SOURCE DATA section start

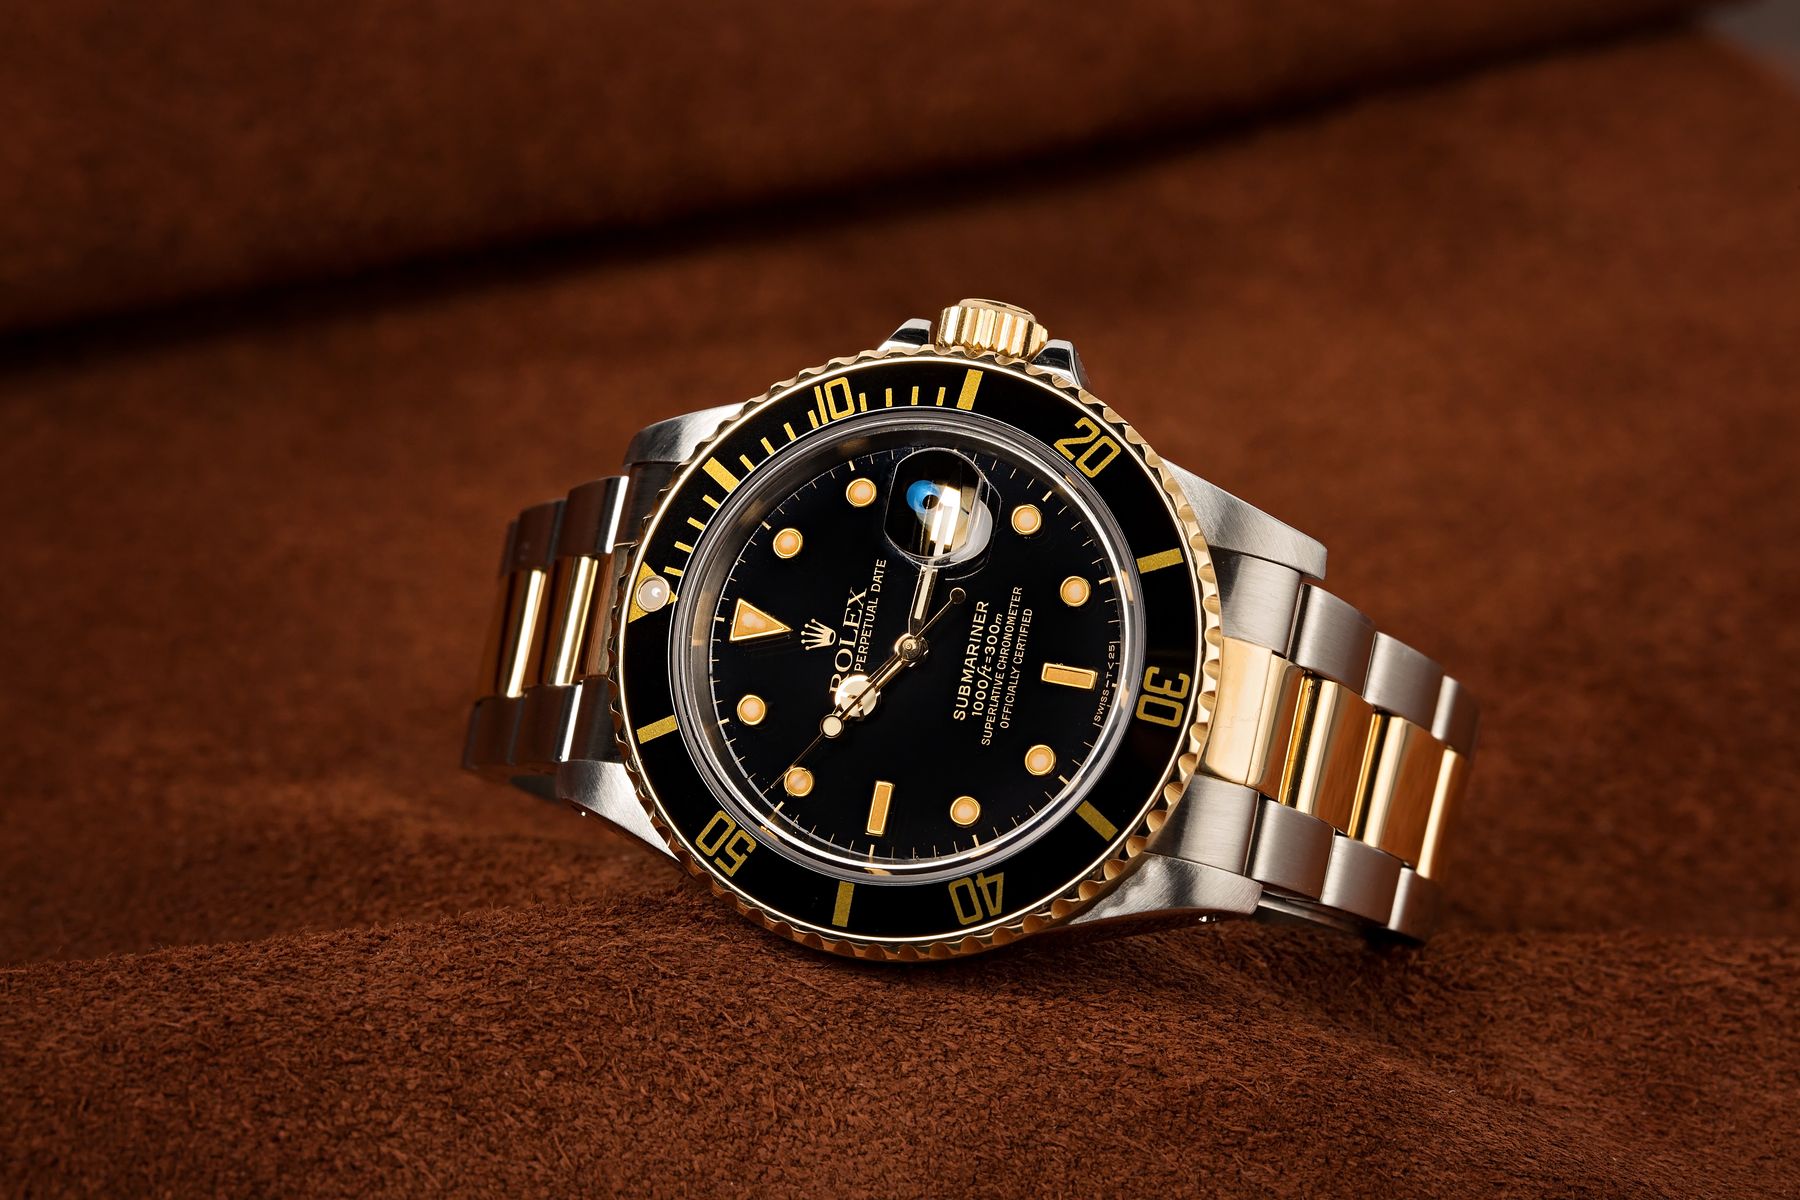 Rolex Submariner Two Tone History and Evolution - Bob's Watches
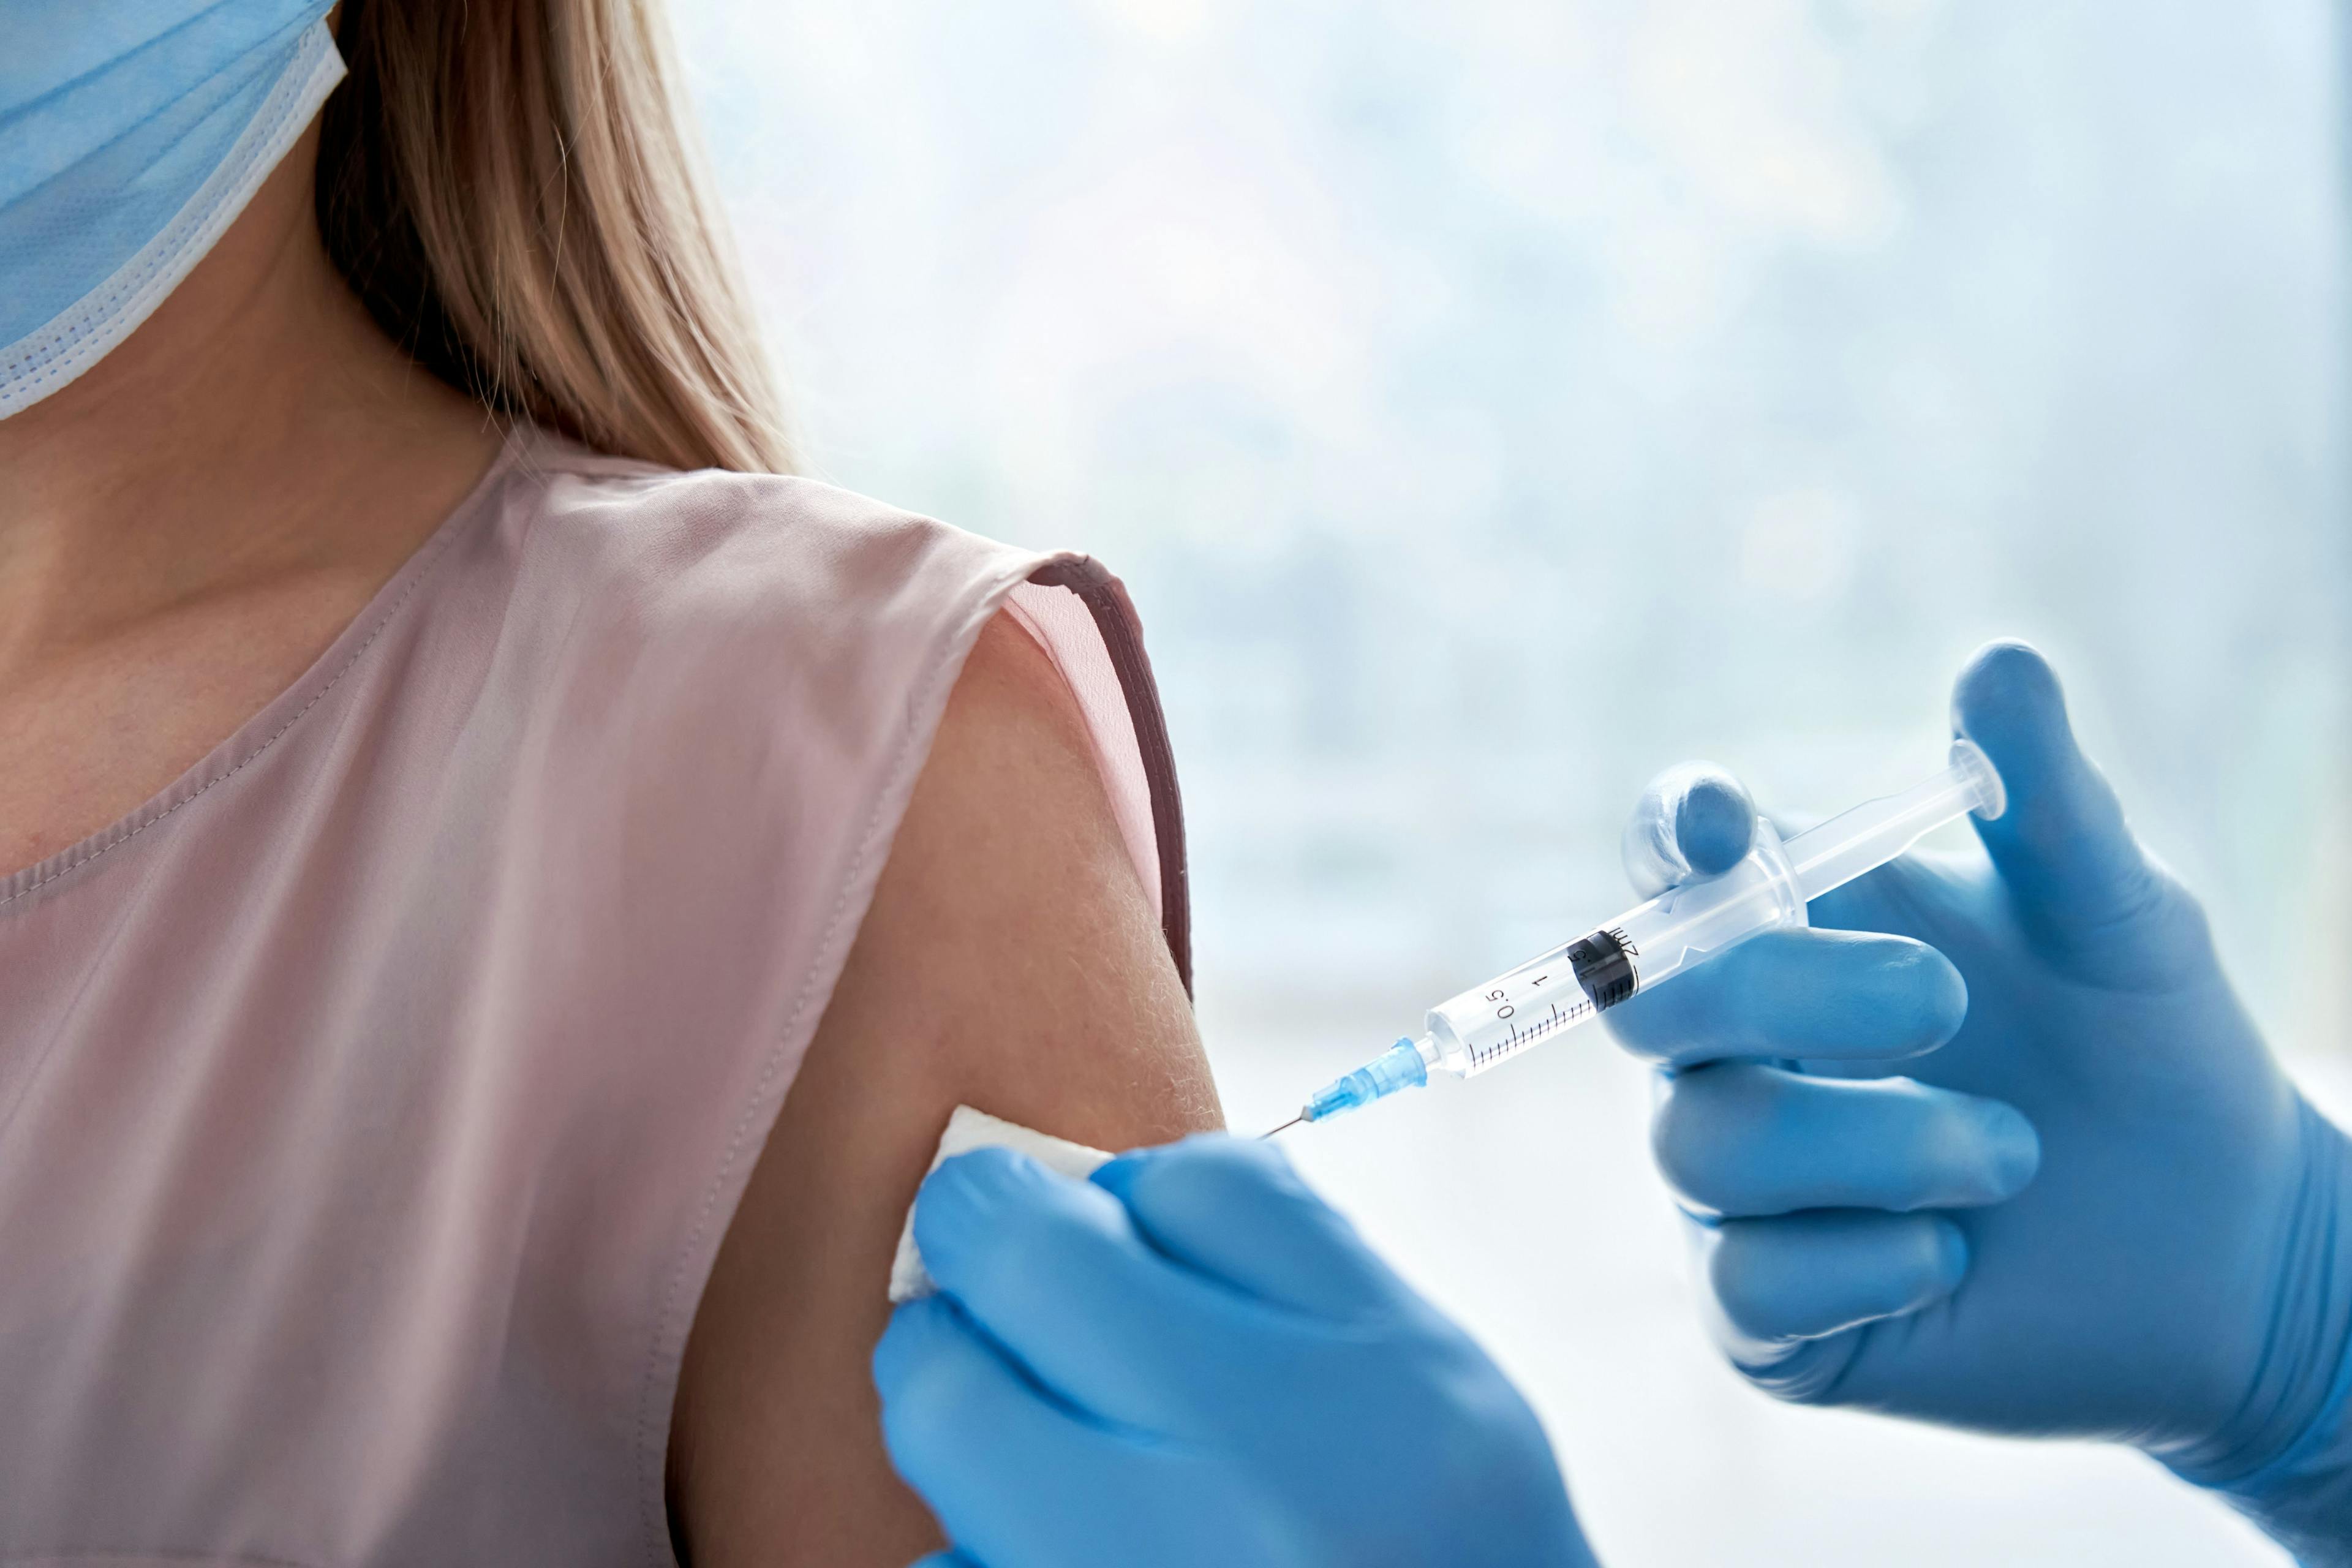 Is There Liability if I Vaccinate My Staff and Something Goes Wrong?
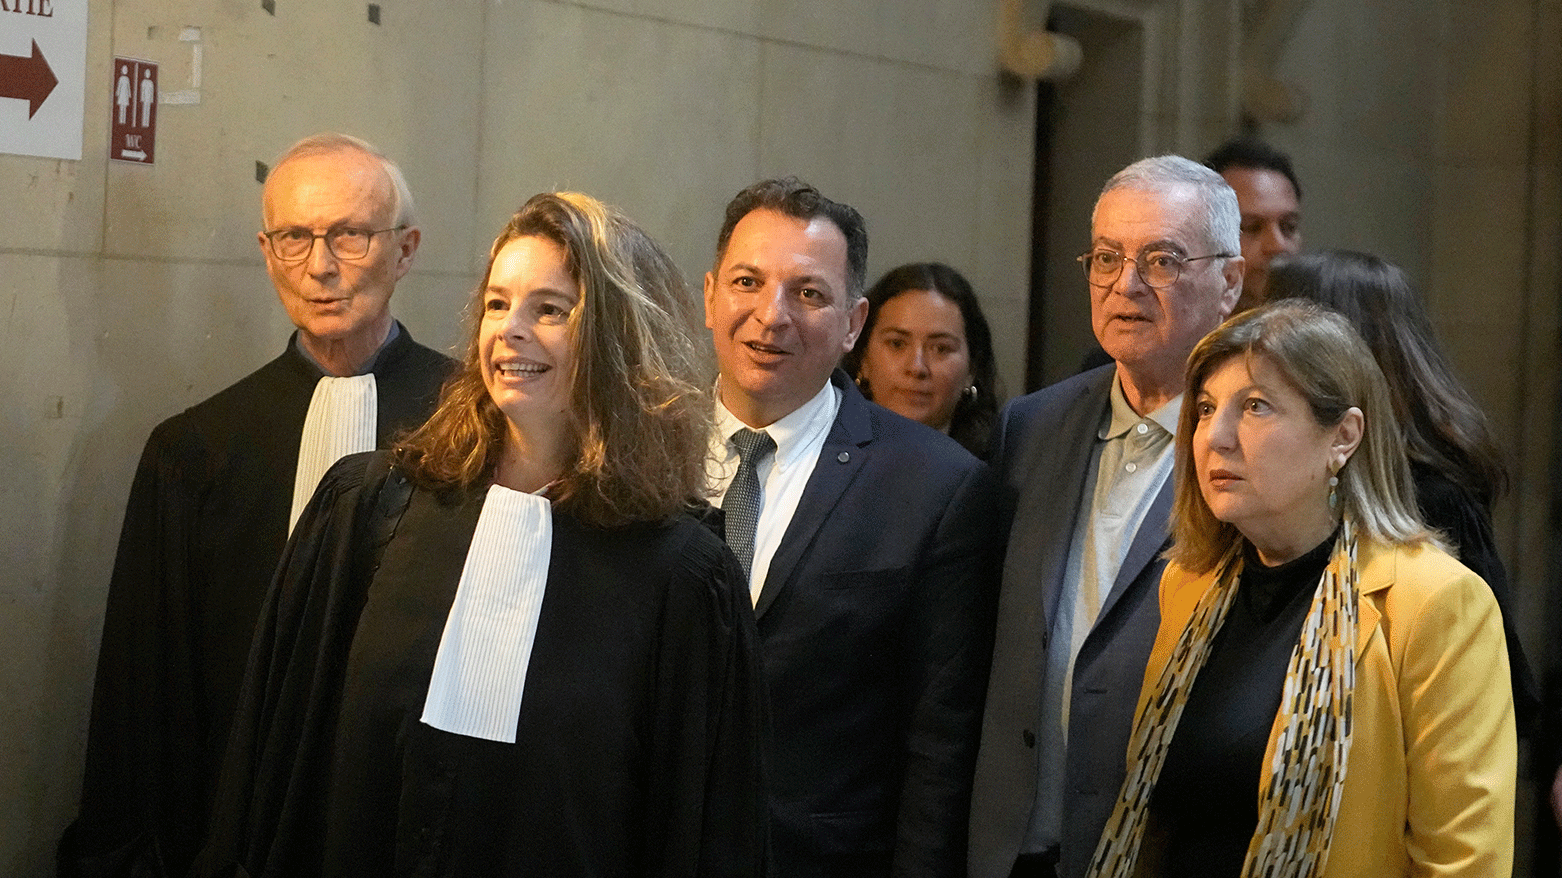 Landmark Paris trial of Syrian officials accused of torturing killing a father and his son starts

SOURCE DATA section end

■ WORK TASK: Word for word, print the material above, but without its pictures.

■ ANSWER BELOW:
 Rolex Submariner Two Tone History and Evolution - Bob's Watches
 Is There Liability if I Vaccinate My Staff and Something Goes Wrong?
 Landmark Paris trial of Syrian officials accused of torturing killing a father and his son starts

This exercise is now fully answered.